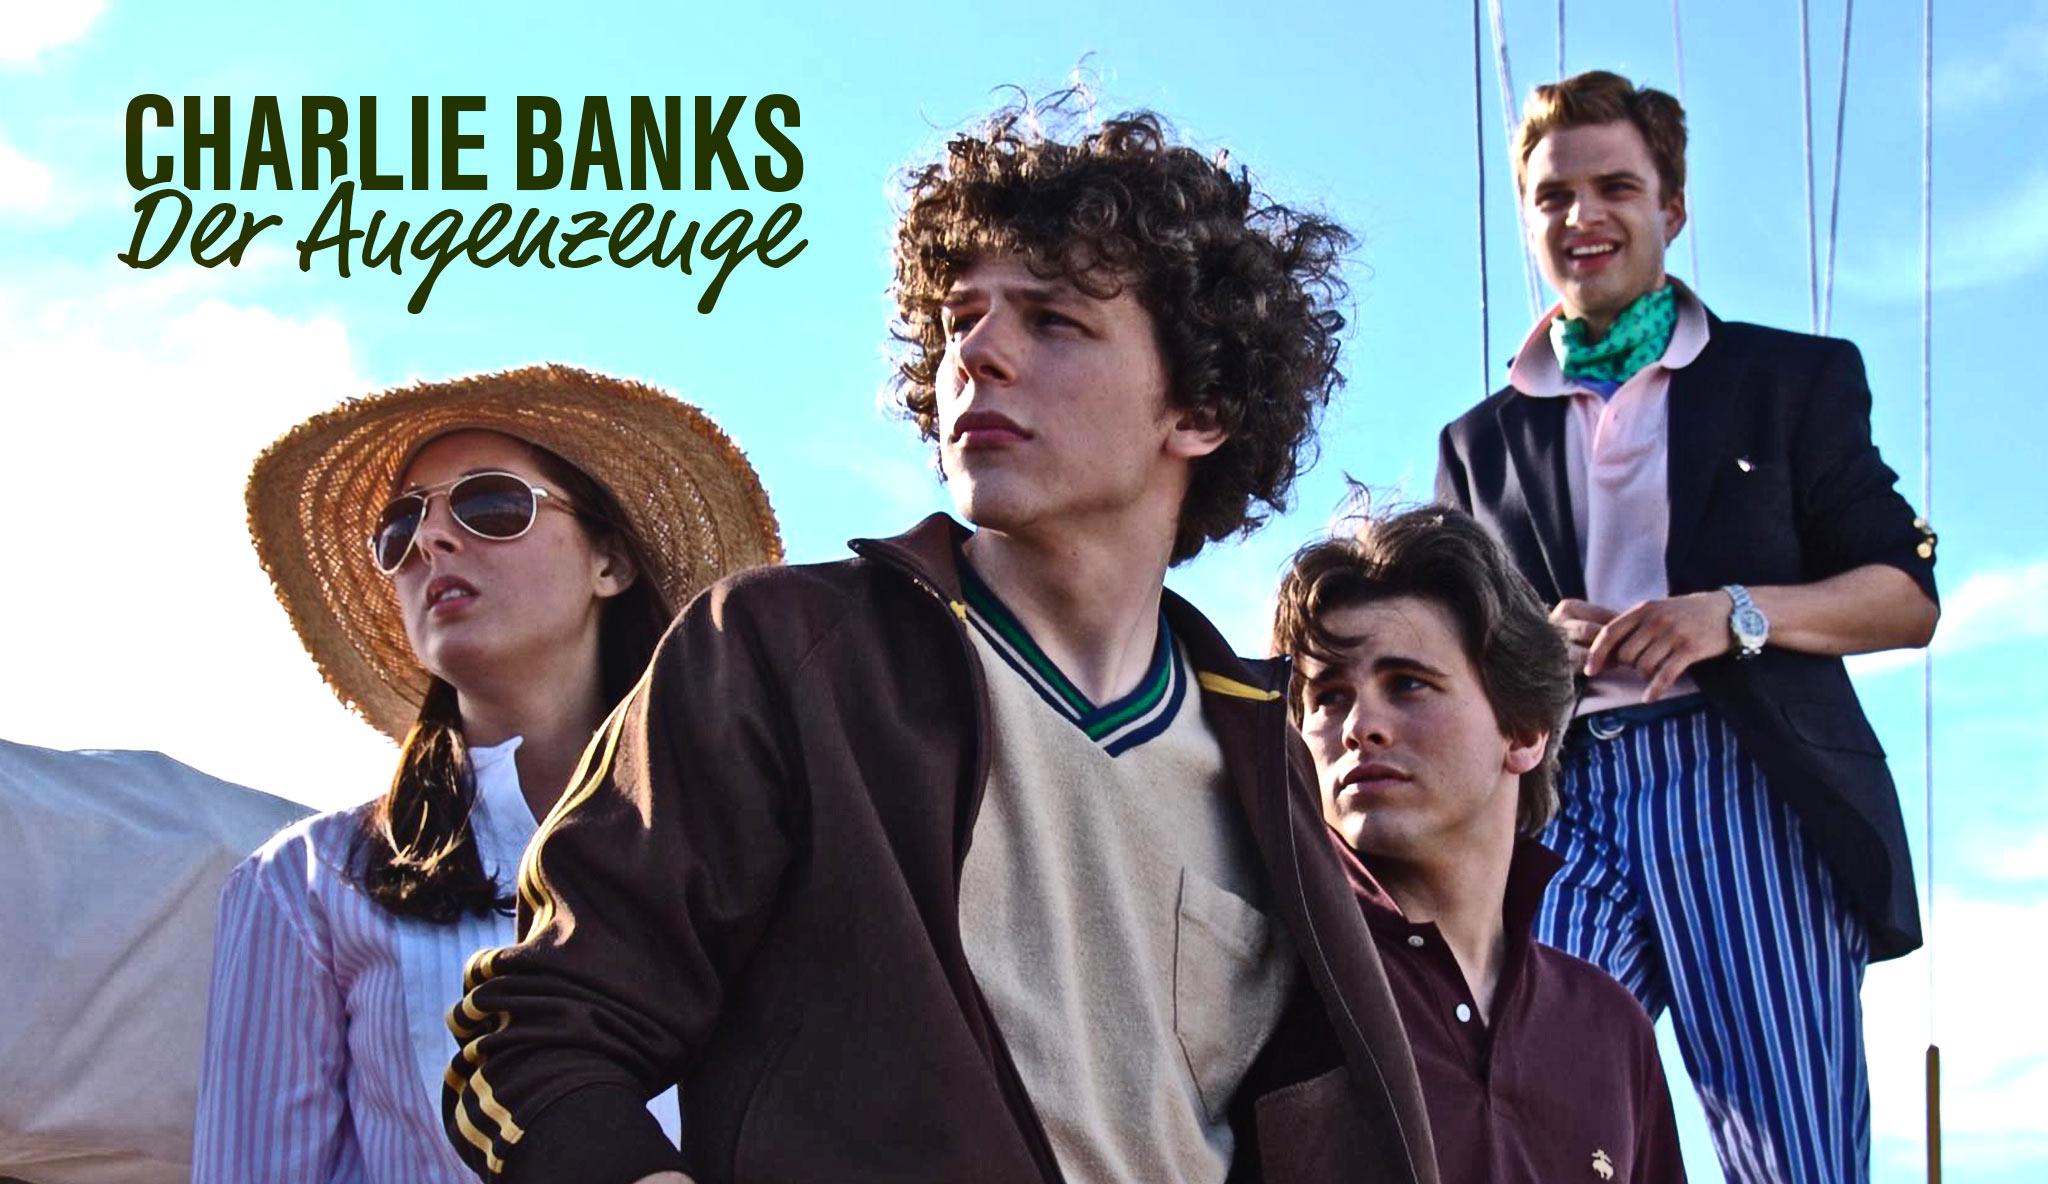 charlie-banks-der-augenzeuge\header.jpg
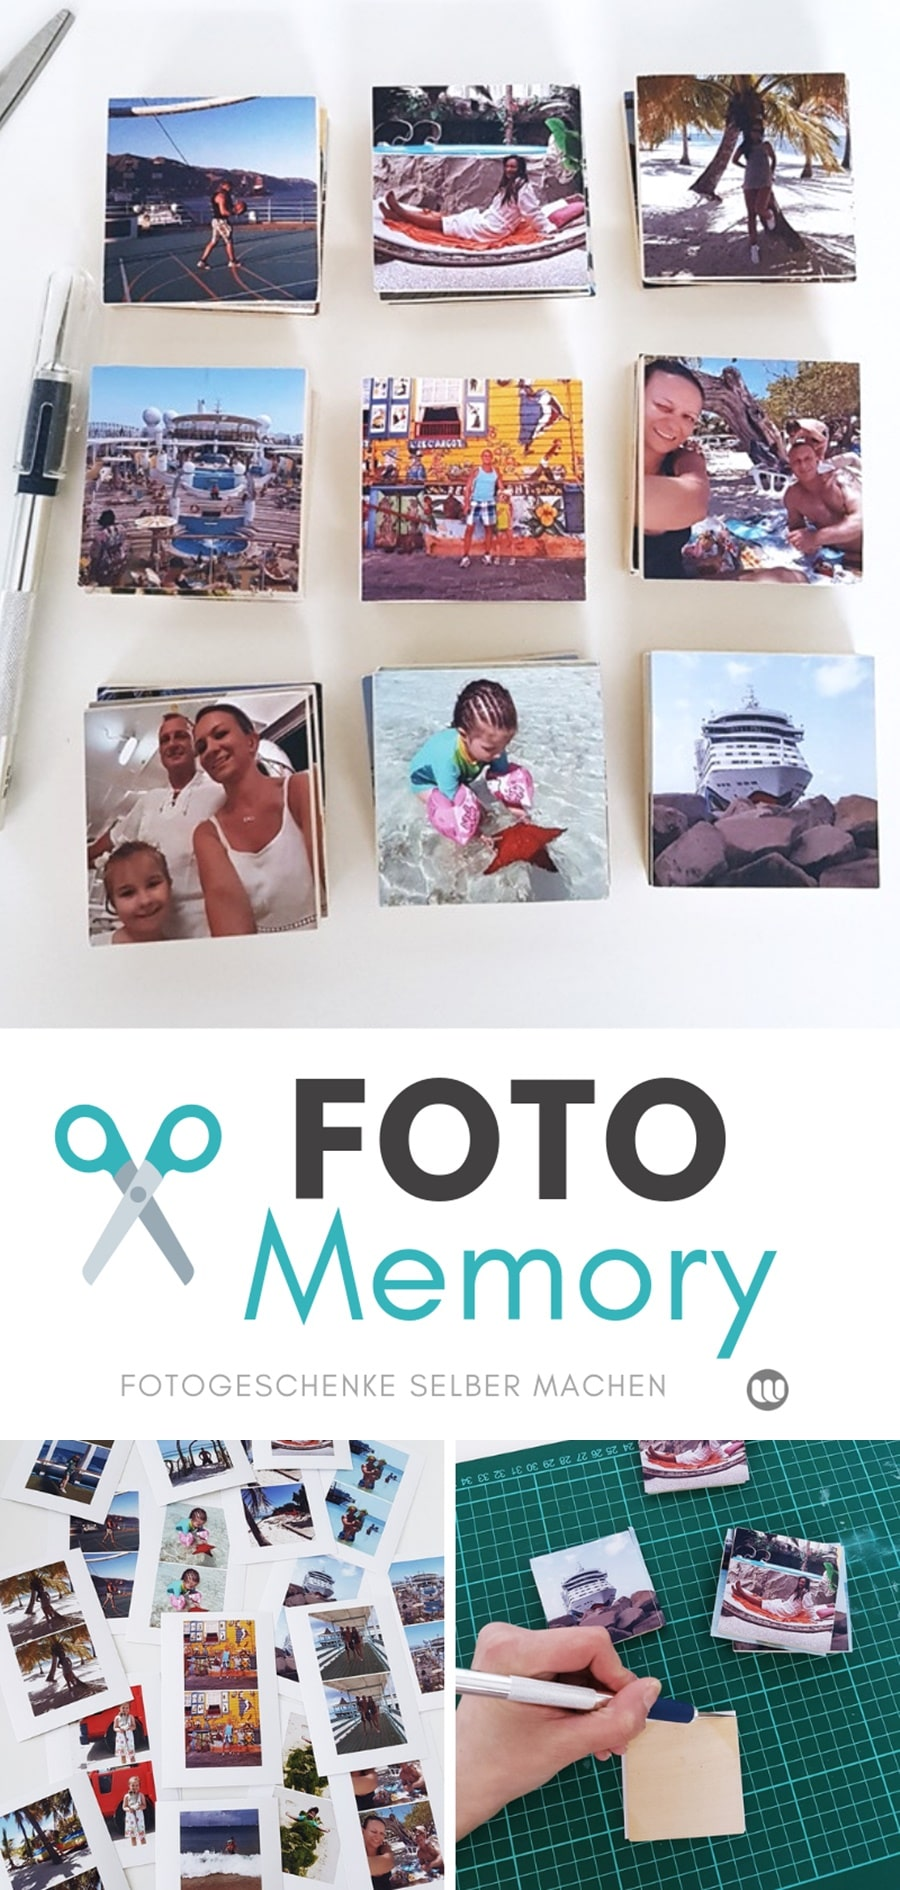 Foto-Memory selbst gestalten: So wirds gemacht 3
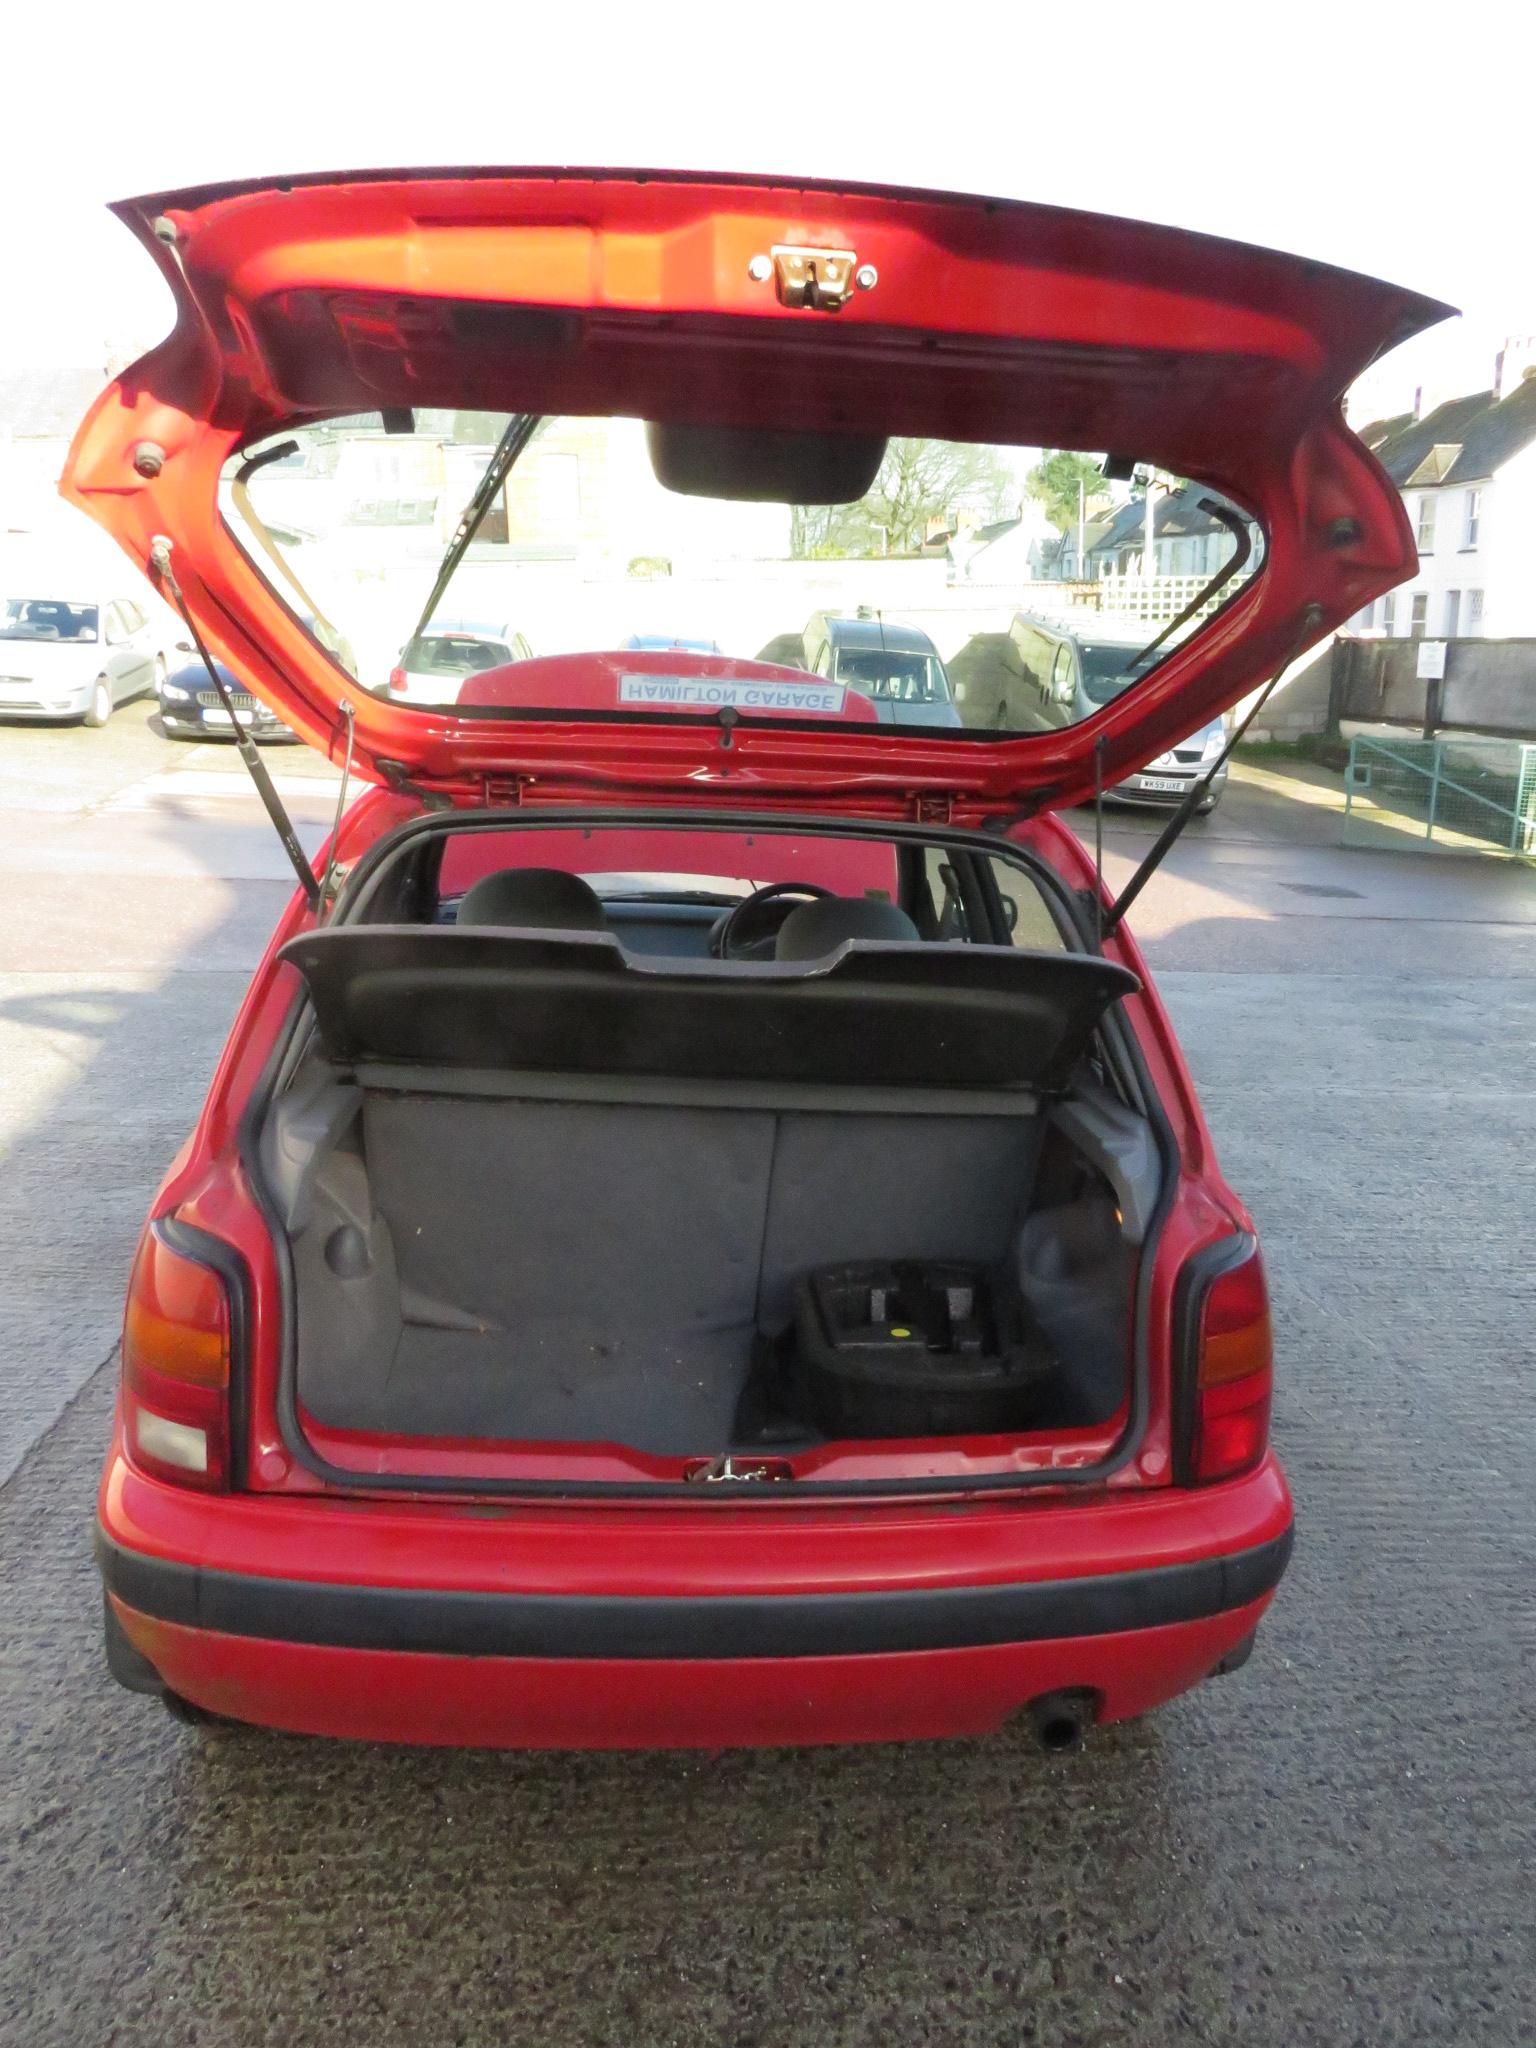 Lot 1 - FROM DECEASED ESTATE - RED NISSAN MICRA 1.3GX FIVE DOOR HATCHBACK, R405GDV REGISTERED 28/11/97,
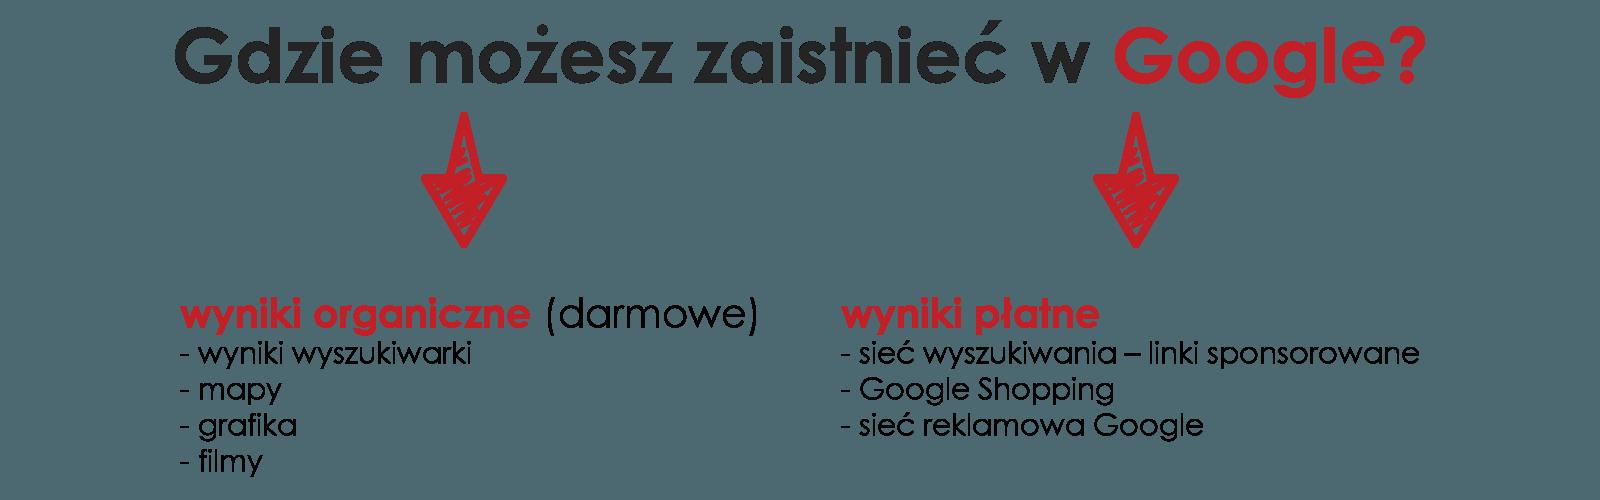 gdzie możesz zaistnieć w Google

+ + +

— EXERCISE —
Up to and including the last line of the listing, starting at the line with "Foto-Memory selbst gestalten: So", extract every line exactly and leave out the pictures.

— RESPONSE TO THIS EXERCISE —
 Foto-Memory selbst gestalten: So wirds gemacht 3
 Lot 1 - FROM DECEASED ESTATE - RED NISSAN MICRA 1.3GX FIVE DOOR HATCHBACK, R405GDV REGISTERED 28/11/97,
 gdzie możesz zaistnieć w Google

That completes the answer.